To see this, you need only contrast Mitrano’s crystal-clear pro-choice politics with her deliberate ambiguity on Medicare for All. Pruce even told us as much: “[Progressives] will understand that somebody representing this district needs to match [its] persuasions.”
But no issue will be as potent for Mitrano as Reed’s financial interests. From courting well-heeled donors to founding a medical debt collection firm that hounds his constituents, Reed is vulnerable to being characterized as a self-dealing Washington insider — or, as Mitrano put it, a “mafia boss.” Mitrano is smart to hit him here, with the added benefit of undermining his hollow claims of bipartisanship. Such an anti-corruption message has broad appeal, as much in the reddest towns of western New York as at bright-blue Cornell.

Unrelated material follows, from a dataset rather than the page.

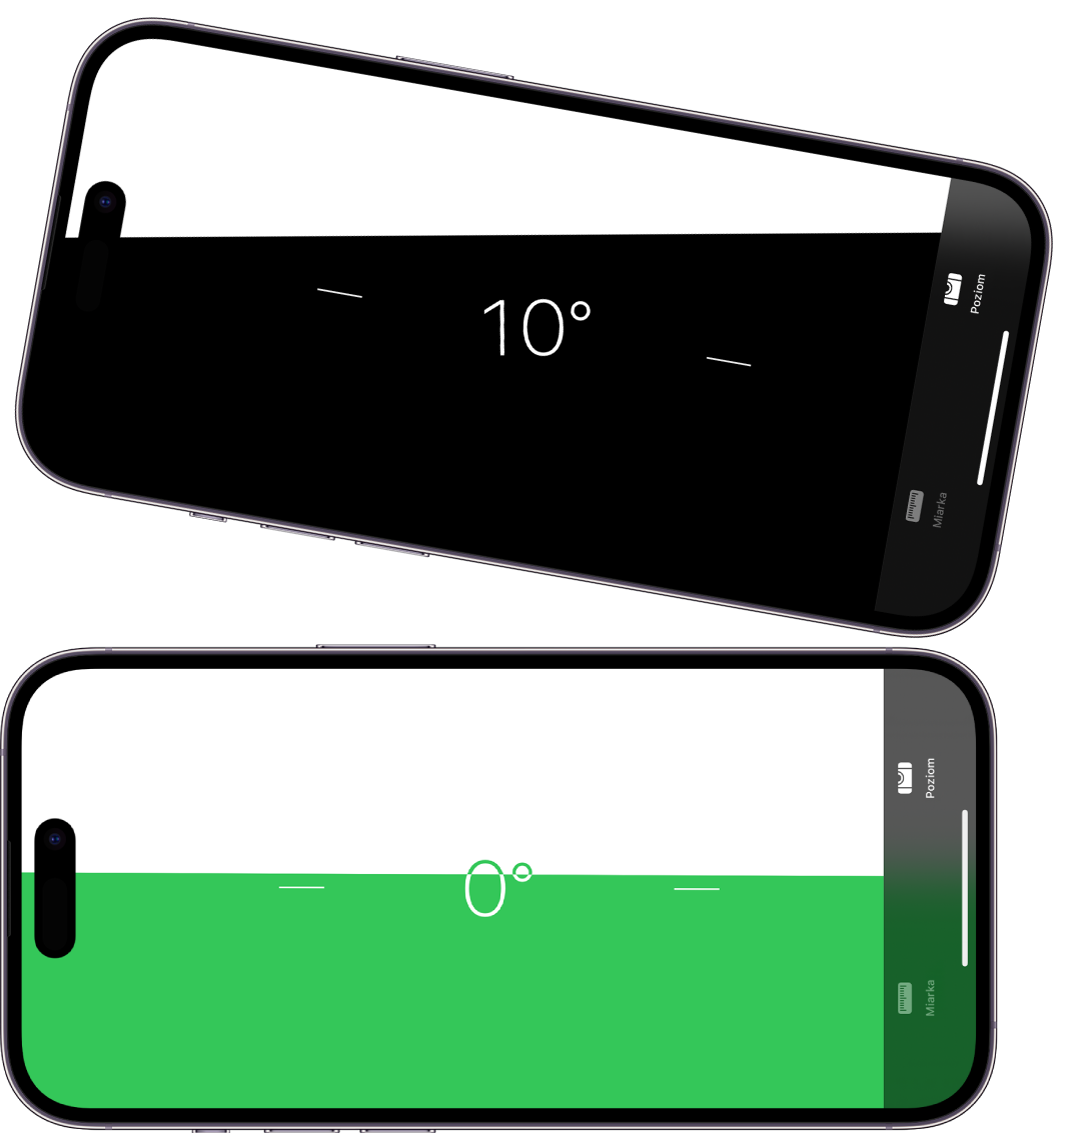 Ekran poziomicy w aplikacji Miarka. U góry widoczny jest iPhone nachylony pod kątem dziesięciu stopni, na dole — wypoziomowany.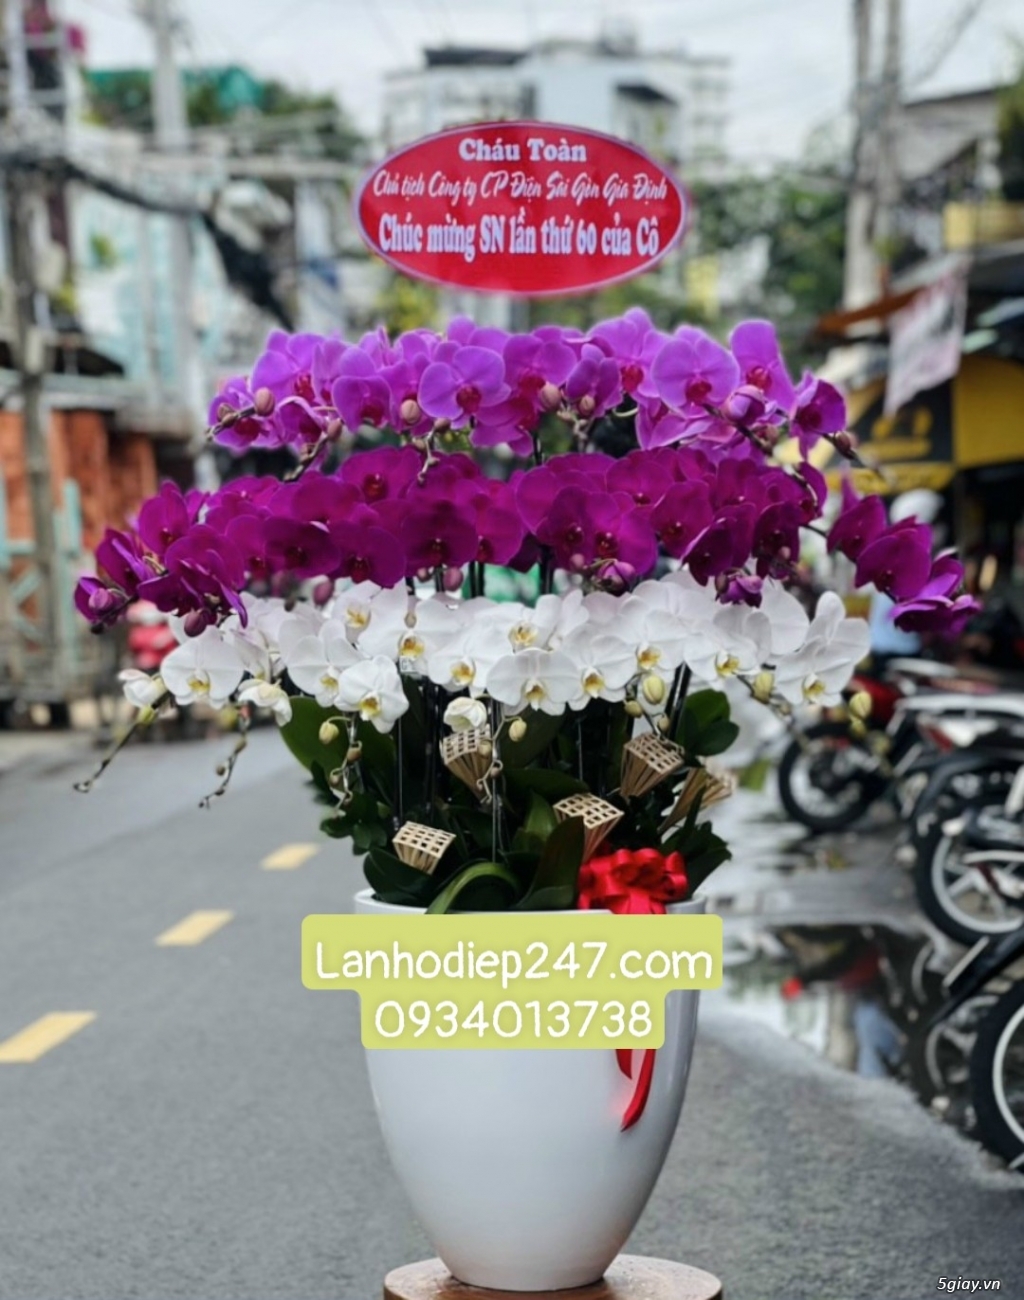 Shop hoa chuyên Lan Hồ Điệp cao cấp uy tín số 1 TPHCM - Hoa Lan 247 SG - 14

Not that Reed is any friend of Cornell’s. As we argued in 2016, Reed’s REDUCE Act, which would force universities with large endowments to divert returns to financial aid, amounts to a shakedown of higher-ed institutions. It would hurt Cornell’s long-term fiscal health and could even fuel further tuition hikes, contravening the bill’s original stated purpose. For her part, Mitrano seems to concur: “I don’t believe that the motivation for that proposal is sincere. I don’t think Reed likes elite education, period.”
We twice reached out to the Reed campaign for comment. They didn’t reach back.
We endorsed Mitrano last election cycle, and for good reason. She has a commendable 13-year track record serving as Cornell’s IT policy head. She has an inclusive agenda that would help get rural New Yorkers online, safeguard our natural resources and lighten student-debt burdens. And she is the district’s best hope in years of unseating Reed. Welcome back to the campaign trail, Dr. Mitrano. Best of luck.
Clarification: A previous version of this editorial referenced the disappearance of Mitrano’s webpage on the Second Amendment. Following publication, the page has come back online. The Mitrano campaign attributes its omission to a technical error. The editorial has been updated accordingly.
Disclosure: Mitrano served on The Cornell Daily Sun’s senior board of directors until 2013 and currently plays no role.
The above editorial reflects the opinions of The Cornell Daily Sun. Editorials are penned collaboratively between the Editor-in-Chief, Associate Editor and Opinion Editor, in consultation with additional Sun editors and staffers. The Sun’s editorials are independent of its news coverage and op-eds.